Schinke: Darauf kann ich nur mit einem ganz klaren JA antworten. Allein die Tatsache, dass ich heute in der Lage bin, im Unterricht genau die gleichen modernen Methoden kompetent einzusetzen, die meine Kunden von ihrer Schule kennen, bringt mir im Wettbewerb deutliche Vorteile. Ich frage meine Kunden bei der Anmeldung, warum sie meine Fahrschule ausgewählt haben. Da höre ich in der letzten Zeit immer häufiger „Weil ich gehört habe, dass man bei Ihnen etwas lernt und der Unterricht Spaß macht.“
Merkel-Schruba: Ich habe ähnliche Erfahrungen. Wer anspruchsvollen Unterricht anbietet, bekommt auch einen anspruchsvollen Kundenkreis. Dieser ist auch bereit, ein angemessenes Entgelt zu bezahlen. Ich lade, gerade bei BF 17, immer gerne die Eltern/Begleiter ein, einmal bei einer Fahrstunde mitzufahren. Oft wird dazu die Nachtfahrt ausgewählt, da die Eltern dann am ehesten Zeit haben. Die Eltern sind häufig von der schon selbstständigen Fahrweise ihrer Kinder positiv überrascht. Im Gespräch höre ich ab und zu, dass die Kinder sich zuhause positiv über unseren abwechslungsreichen, lehrreichen und nie langweiligen Unterricht geäußert haben.
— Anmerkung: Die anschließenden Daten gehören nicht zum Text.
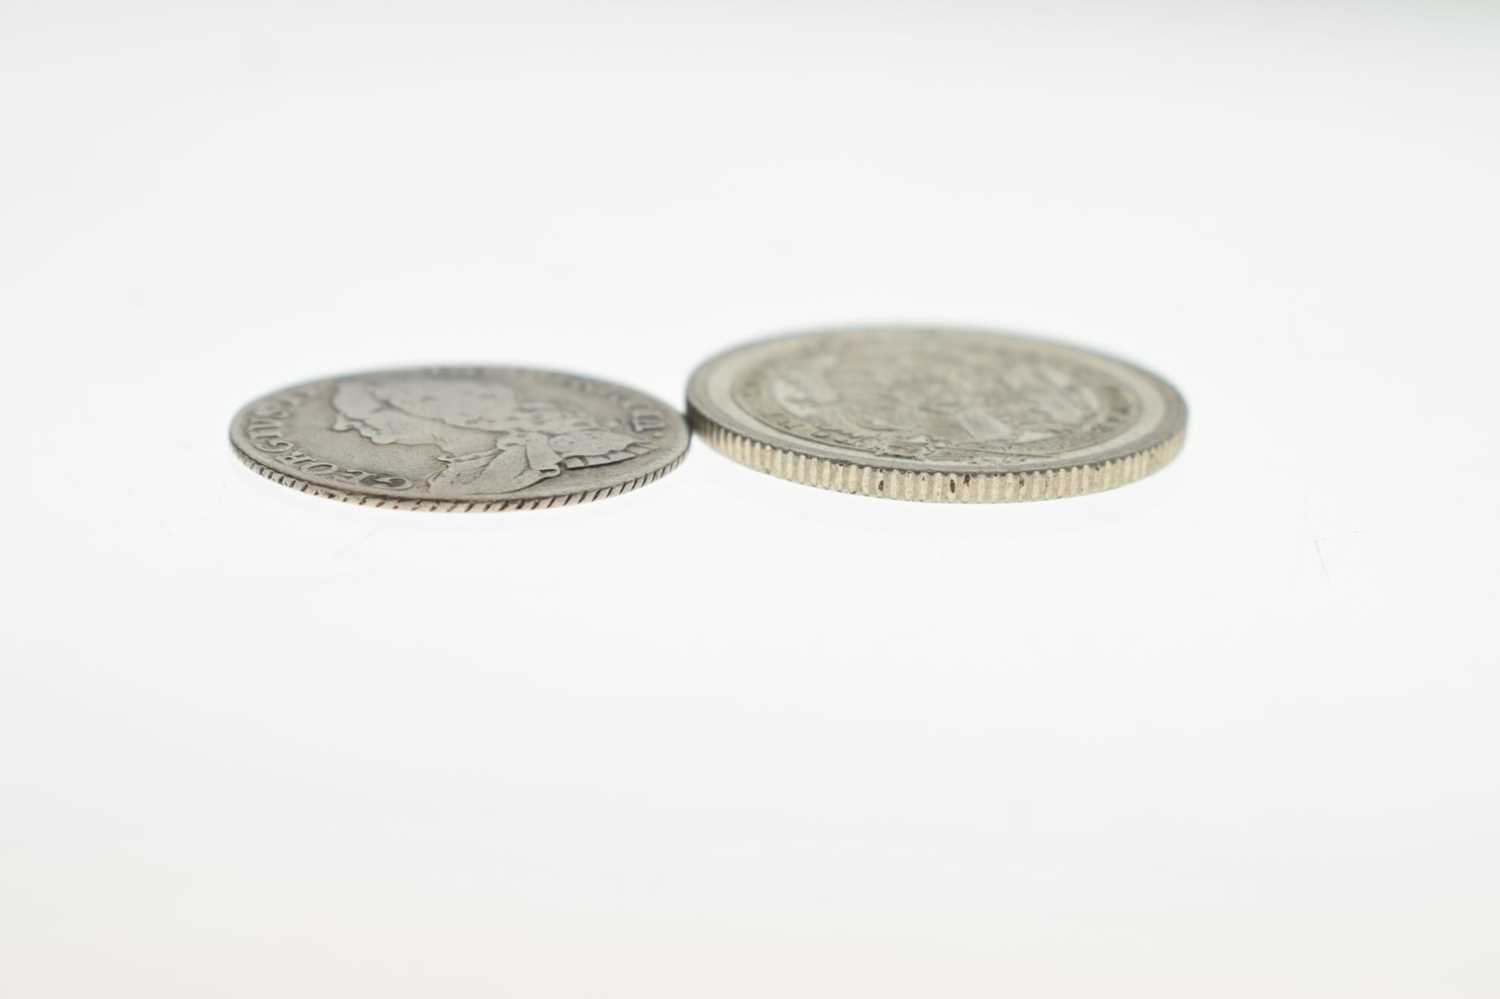 Four Georgian milled coins, George II and George III - Image 7 of 8

FPX: Sie sprachen vorhin von den Hausaufgaben. Wie viel Zeit muss man denn dafür einplanen?
Merkel-Schruba: Also ich nehme mir meist einen halben Tag pro Woche Zeit, um die Hausaufgaben zu erledigen. Manchmal ist die Lektüre aber auch so spannend, dass ich dann noch den Sonntag dafür nutze. Fünf bis sechs Stunden pro Woche muss man aber dafür einplanen.
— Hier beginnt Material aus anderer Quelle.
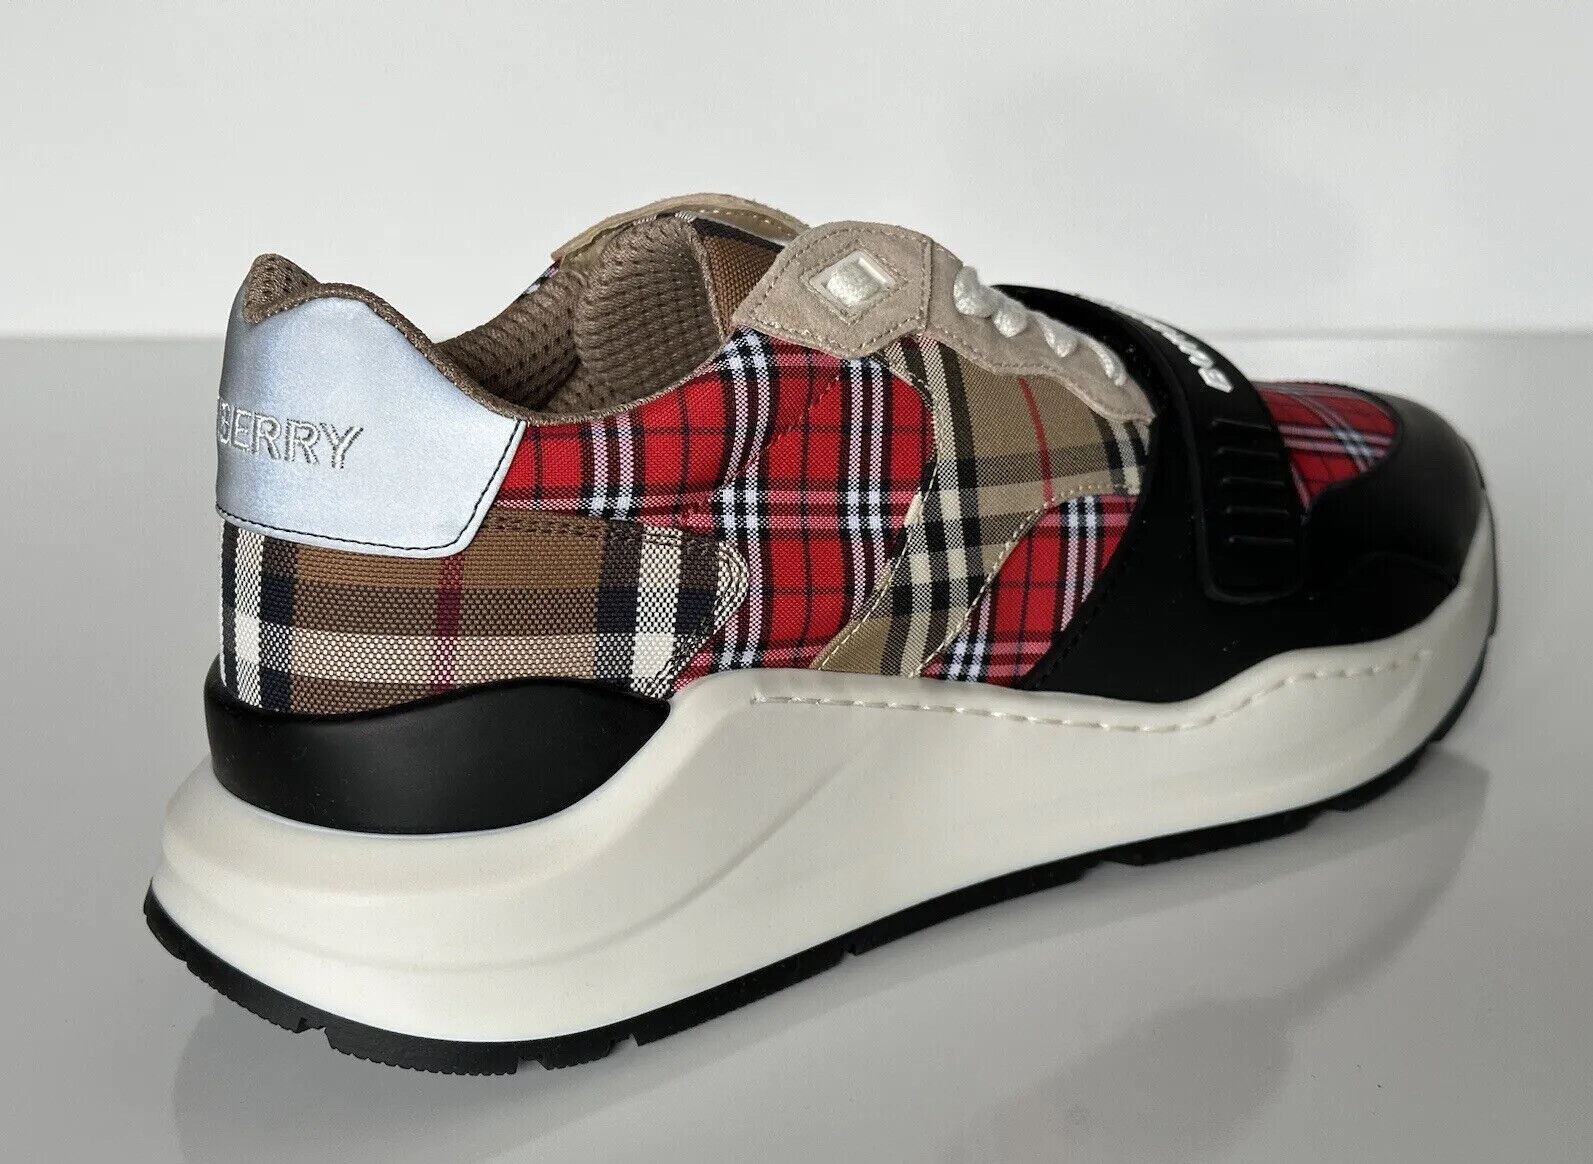 NIB 790 $ Burberry Herren Ramsey Mehrfarbige Sneakers 10 US (43 Euro) 8048632 Italien

Schincke: Da decken sich unsere Erfahrungen absolut.
FPX: Gibt es am Ende eine Urkunde?
Schincke: Am Ende des Kontaktstudiums bekommt jeder Teilnehmer, der die ganze Zeit durchgehalten und mitgearbeitet hat, eine Teilnahmeurkunde. Die ist aber für mich nur schmückendes Beiwerk. Darüber hinaus bietet die PH an, ein Hochschulzertifikat zu erwerben. Dazu muss man nach Abschluss des Studiums eine Unterrichtsprobe mit seinen Schülern in Anwesenheit von Frau Professor Traub ablegen. Entspricht diese den Kriterien, bekommt man das Zertifikat. Das werde ich mir dann auch gerne in die Fahrschule hängen.
Merkel-Schruba: Das sehe ich genauso. Das Zertifikat der Pädagogischen Hochschule ist der krönende Abschluss.
FPX: Können Sie das Kontaktstudium den Kolleginnen und Kollegen empfehlen?
Merkel-Schruba: Uneingeschränkt ja. Wer seine Lehrerkompetenz verbessern und seinen Blickwinkel erweitern will, wird kaum etwas Besseres finden. Der Aufwand lohnt sich auf alle Fälle.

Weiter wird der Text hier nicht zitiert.